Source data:
○ ○ ○ ○

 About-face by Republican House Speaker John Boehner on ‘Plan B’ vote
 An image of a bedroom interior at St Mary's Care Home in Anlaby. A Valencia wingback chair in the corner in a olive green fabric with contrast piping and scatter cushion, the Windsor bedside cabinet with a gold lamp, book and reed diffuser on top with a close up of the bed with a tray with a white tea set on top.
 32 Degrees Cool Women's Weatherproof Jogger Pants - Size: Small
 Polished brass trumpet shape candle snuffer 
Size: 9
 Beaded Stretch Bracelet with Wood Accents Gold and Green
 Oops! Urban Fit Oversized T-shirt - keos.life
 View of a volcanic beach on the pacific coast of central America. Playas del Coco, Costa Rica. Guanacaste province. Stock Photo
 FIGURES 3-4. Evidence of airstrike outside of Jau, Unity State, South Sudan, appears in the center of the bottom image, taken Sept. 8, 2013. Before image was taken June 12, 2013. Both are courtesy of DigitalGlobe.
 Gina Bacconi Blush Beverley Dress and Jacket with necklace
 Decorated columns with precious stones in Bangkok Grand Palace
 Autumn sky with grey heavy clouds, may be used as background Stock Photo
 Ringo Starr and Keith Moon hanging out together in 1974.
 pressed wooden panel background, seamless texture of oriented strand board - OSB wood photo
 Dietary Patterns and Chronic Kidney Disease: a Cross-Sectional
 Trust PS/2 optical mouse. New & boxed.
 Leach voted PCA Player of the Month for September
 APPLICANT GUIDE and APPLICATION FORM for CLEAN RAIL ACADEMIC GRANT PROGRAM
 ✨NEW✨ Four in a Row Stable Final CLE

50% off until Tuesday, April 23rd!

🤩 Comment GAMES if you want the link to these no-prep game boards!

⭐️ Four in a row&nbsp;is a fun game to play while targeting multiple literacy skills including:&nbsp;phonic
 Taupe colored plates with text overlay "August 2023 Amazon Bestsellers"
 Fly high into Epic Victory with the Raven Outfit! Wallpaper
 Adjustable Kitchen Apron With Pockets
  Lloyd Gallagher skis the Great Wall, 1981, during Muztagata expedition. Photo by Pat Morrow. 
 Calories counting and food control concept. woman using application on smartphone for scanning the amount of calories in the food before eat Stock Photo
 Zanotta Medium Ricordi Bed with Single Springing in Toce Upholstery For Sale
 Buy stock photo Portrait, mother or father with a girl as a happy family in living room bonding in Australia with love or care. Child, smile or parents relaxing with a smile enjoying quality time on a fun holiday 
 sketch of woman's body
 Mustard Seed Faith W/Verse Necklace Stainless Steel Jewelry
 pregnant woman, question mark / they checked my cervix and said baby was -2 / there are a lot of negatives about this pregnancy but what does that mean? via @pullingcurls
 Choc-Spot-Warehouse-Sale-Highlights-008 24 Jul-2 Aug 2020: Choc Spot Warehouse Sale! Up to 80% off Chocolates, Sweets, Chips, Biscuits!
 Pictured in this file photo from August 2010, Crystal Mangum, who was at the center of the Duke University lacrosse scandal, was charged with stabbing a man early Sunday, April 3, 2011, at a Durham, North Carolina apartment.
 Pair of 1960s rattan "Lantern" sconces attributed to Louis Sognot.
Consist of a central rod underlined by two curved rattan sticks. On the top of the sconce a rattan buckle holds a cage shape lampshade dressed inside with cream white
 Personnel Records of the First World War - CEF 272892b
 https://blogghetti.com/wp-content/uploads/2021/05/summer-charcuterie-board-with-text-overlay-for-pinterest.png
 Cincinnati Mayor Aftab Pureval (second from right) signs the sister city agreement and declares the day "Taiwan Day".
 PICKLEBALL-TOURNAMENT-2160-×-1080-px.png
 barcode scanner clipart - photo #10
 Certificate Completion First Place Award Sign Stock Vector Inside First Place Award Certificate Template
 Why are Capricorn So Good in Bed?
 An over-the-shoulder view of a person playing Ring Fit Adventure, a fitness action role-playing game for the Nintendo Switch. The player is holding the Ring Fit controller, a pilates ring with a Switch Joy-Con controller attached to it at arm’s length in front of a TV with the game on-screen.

○ ○ ○ ○

Out of the data above, give again only the lines starting at the one holding "sketch of woman's body" and ending at the one holding "pregnant woman, question", unchanged.

- _COMPLETED TASK_:
 sketch of woman's body
 Mustard Seed Faith W/Verse Necklace Stainless Steel Jewelry
 pregnant woman, question mark / they checked my cervix and said baby was -2 / there are a lot of negatives about this pregnancy but what does that mean? via @pullingcurls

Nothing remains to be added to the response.